>>>
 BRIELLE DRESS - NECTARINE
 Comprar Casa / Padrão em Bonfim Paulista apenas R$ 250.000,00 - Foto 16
<<<
>>>
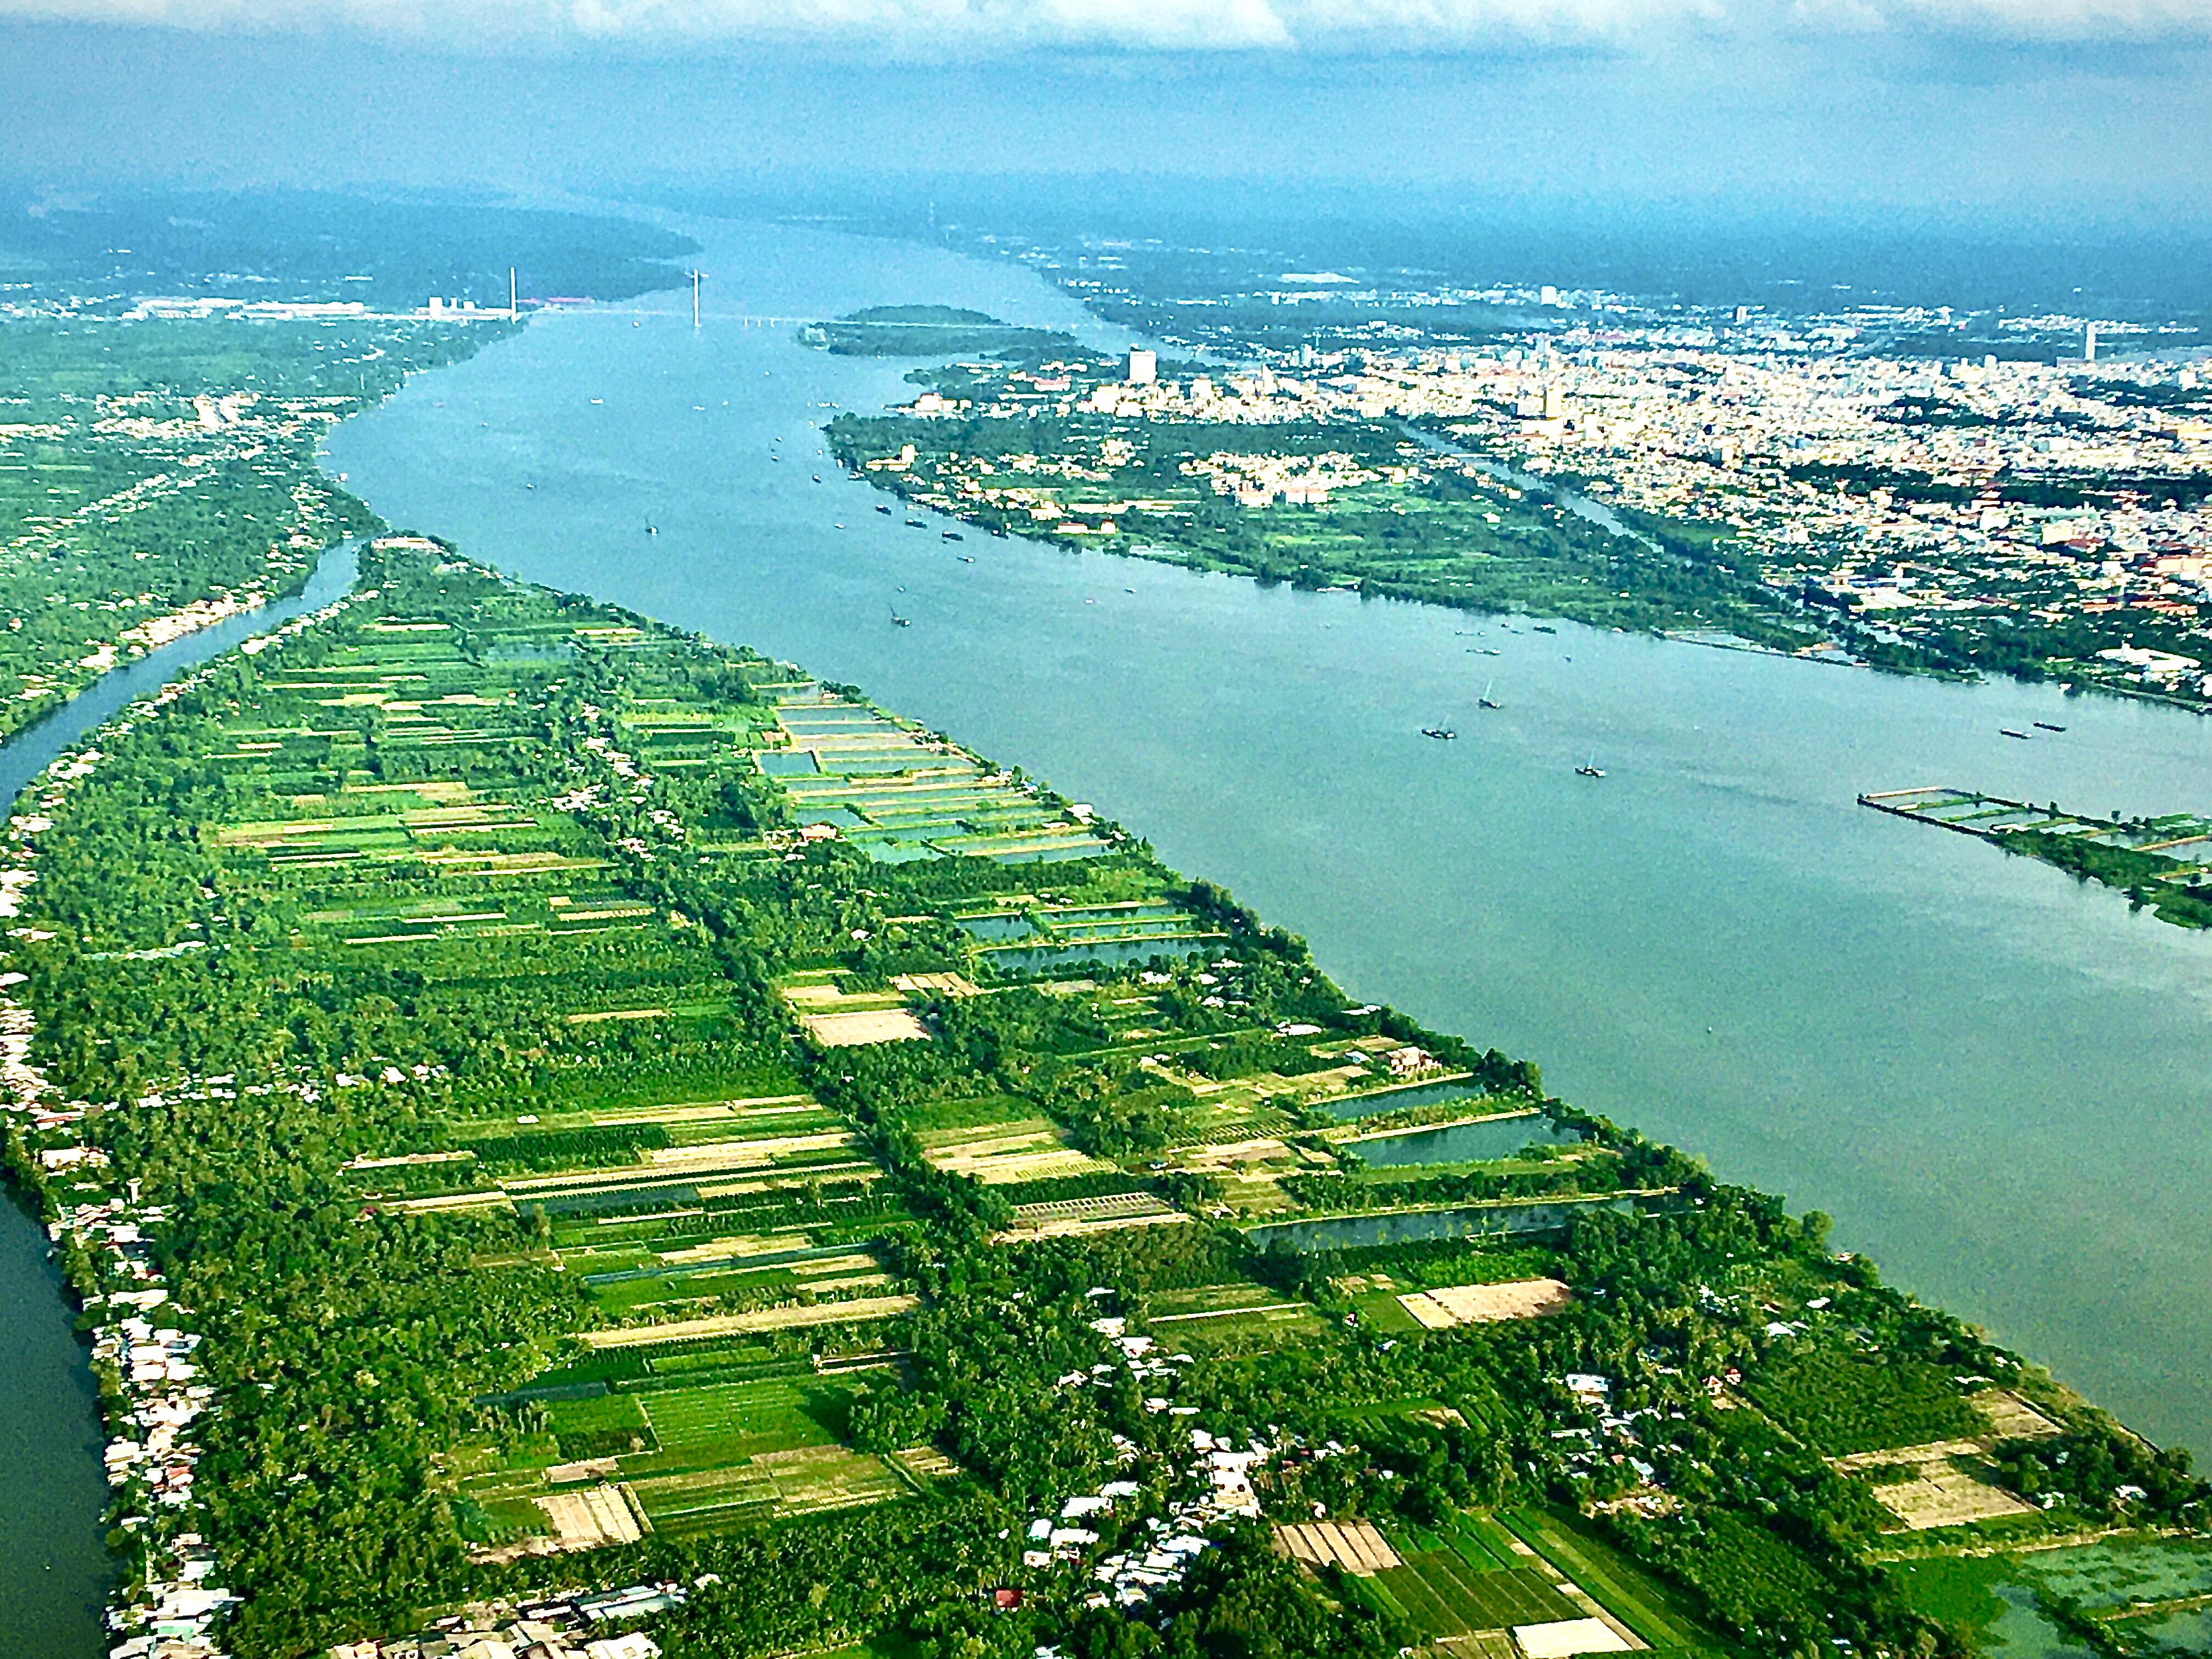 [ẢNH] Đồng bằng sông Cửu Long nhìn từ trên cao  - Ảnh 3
<<<
▶ [TASK INSTRUCTIONS]:
Copy the entries above exactly, but only from the line holding "BRIELLE DRESS - NECTARINE" through the line holding "Comprar Casa /", both included.

▶ [WRITTEN REPLY]:
 BRIELLE DRESS - NECTARINE
 Comprar Casa / Padrão em Bonfim Paulista apenas R$ 250.000,00 - Foto 16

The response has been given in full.